Hence, the outcome of these antagonistic effects, and consequently the dispersal rates that allow metapopulation persistence, would jointly depend on the state of the matrix, the structure and the size of suitable patches as well as the biological characteristics of the species (e.g. reproductive rate and dispersal ability; With, 2004).
Although impressive efforts have been made to model metapopulation dynamics, there is still a clear dichotomy in the factors being taken into account. On the one hand, studies analysing the effects of disturbances on metapopulations in relation to the size and the growth rate of the populations (Hastings & Wolin, 1989), patch quality (Hanski, 1994), matrix quality (Vandermeer & Carvajal, 2001) or all of these factors together (Casagrandi & Gatto, 1999) neglect the genetic effects of fragmentation, while on the other hand, studies exploring the genetic processes associated with fragmentation do not usually incorporate demographic and habitat considerations (Mills & Allendorf, 1996; Couvet, 2002; Glémin et al., 2003). Higgins & Lynch (2001) investigated the interaction of environmental, genetic and demographic stochasticity on metapopulation persistence. They showed that the incorporation of deleterious mutations accumulation changes significantly the predictions concerning the influence of dispersal and metapopulation structure on metapopulation persistence. However, they did not include in their model the effects of matrix quality, i.e. the consequences from the imbalance between emigration and immigration.
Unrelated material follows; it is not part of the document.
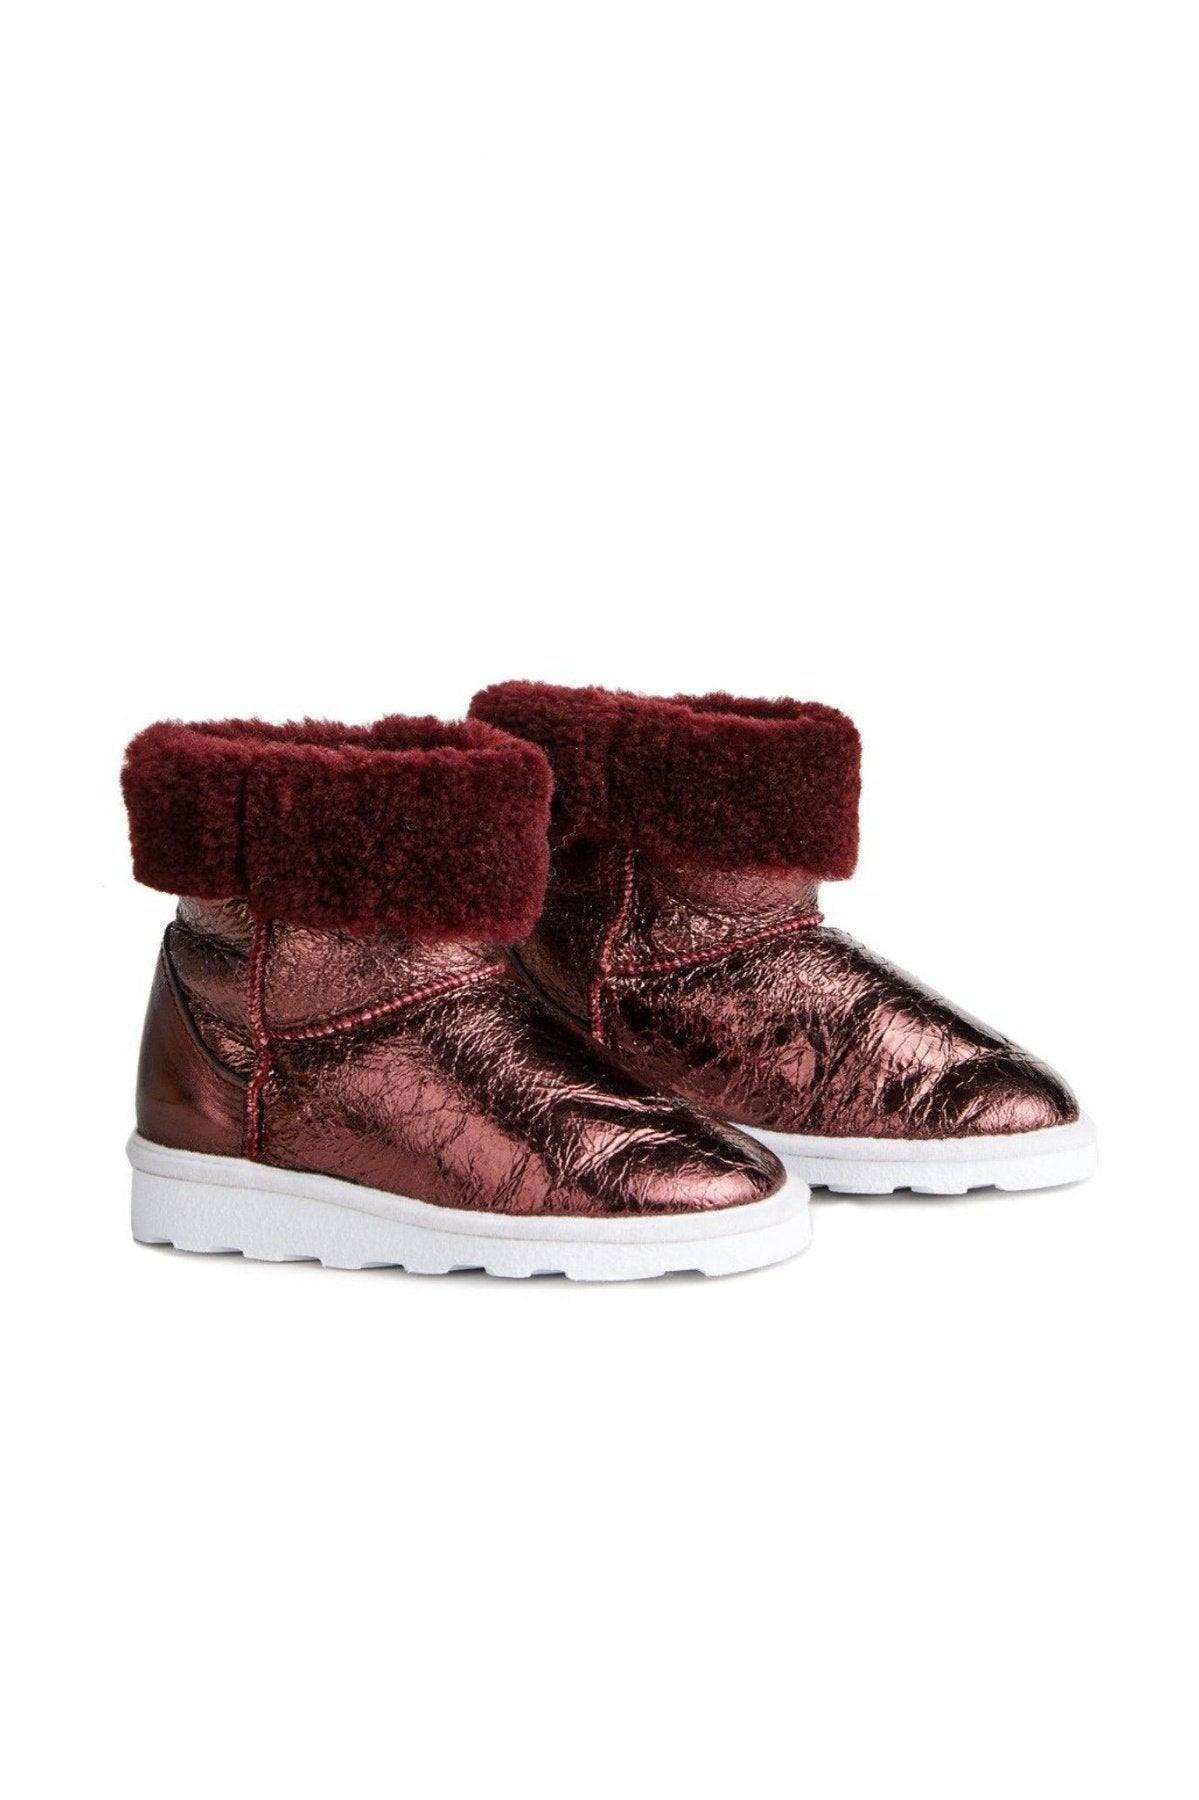 M'A KIDS LEATHER BOOTS IN BURGUNDY

Our study is an attempt for a more synthetic view that explores the interplay of demographic and genetic processes in relation to habitat and matrix structure. We begin by assuming that both habitat patches and the matrix are homogeneous. Population dynamics within a habitat patch is modelled as the outcome of reproductive potential of the species and the balance between emigration and immigration. These demographic processes are influenced by underlying genetic processes, i.e. fitness depends on the frequency of deleterious mutations, and the dispersal rate may change according to the level of inbreeding within patches (referred to as avoidance of inbreeding). Patch and matrix quality are reflected on the carrying capacity of habitat patches and the survival rate of dispersing individuals respectively.
In order to highlight the synergistic action of demographic and genetic processes on metapopulation persistence, we compare our conclusions with the predictions of two models that consider each process separately: (i) a deterministic demographic model (Casagrandi & Gatto, 2002b), which ignores both the effects of inbreeding on population growth rate and the relationship between inbreeding and dispersal; and (ii) an infinite island model, widely used in theoretical genetic studies (Couvet, 2002; Whitlock, 2002; Glémin et al., 2003) that ignores the imbalance between emigration and immigration.
We then explore the consequences of heterogeneity in habitat patches. Heterogeneity can have contrasting effects on metapopulation dynamics (Ewers & Didham, 2005). For instance, Day & Possingham (1995) showed that according to the colonization rate, the variability in patch size can either decrease or increase the probability of metapopulation extinction relative to an equal patch-size metapopulation.
Finally, our model allows us to examine the relative influence of different types of habitat disturbance (e.g. removal of entire patches vs. reduction in patch size) on metapopulation persistence. Useful conclusions for the conservation of fragmented populations are extracted.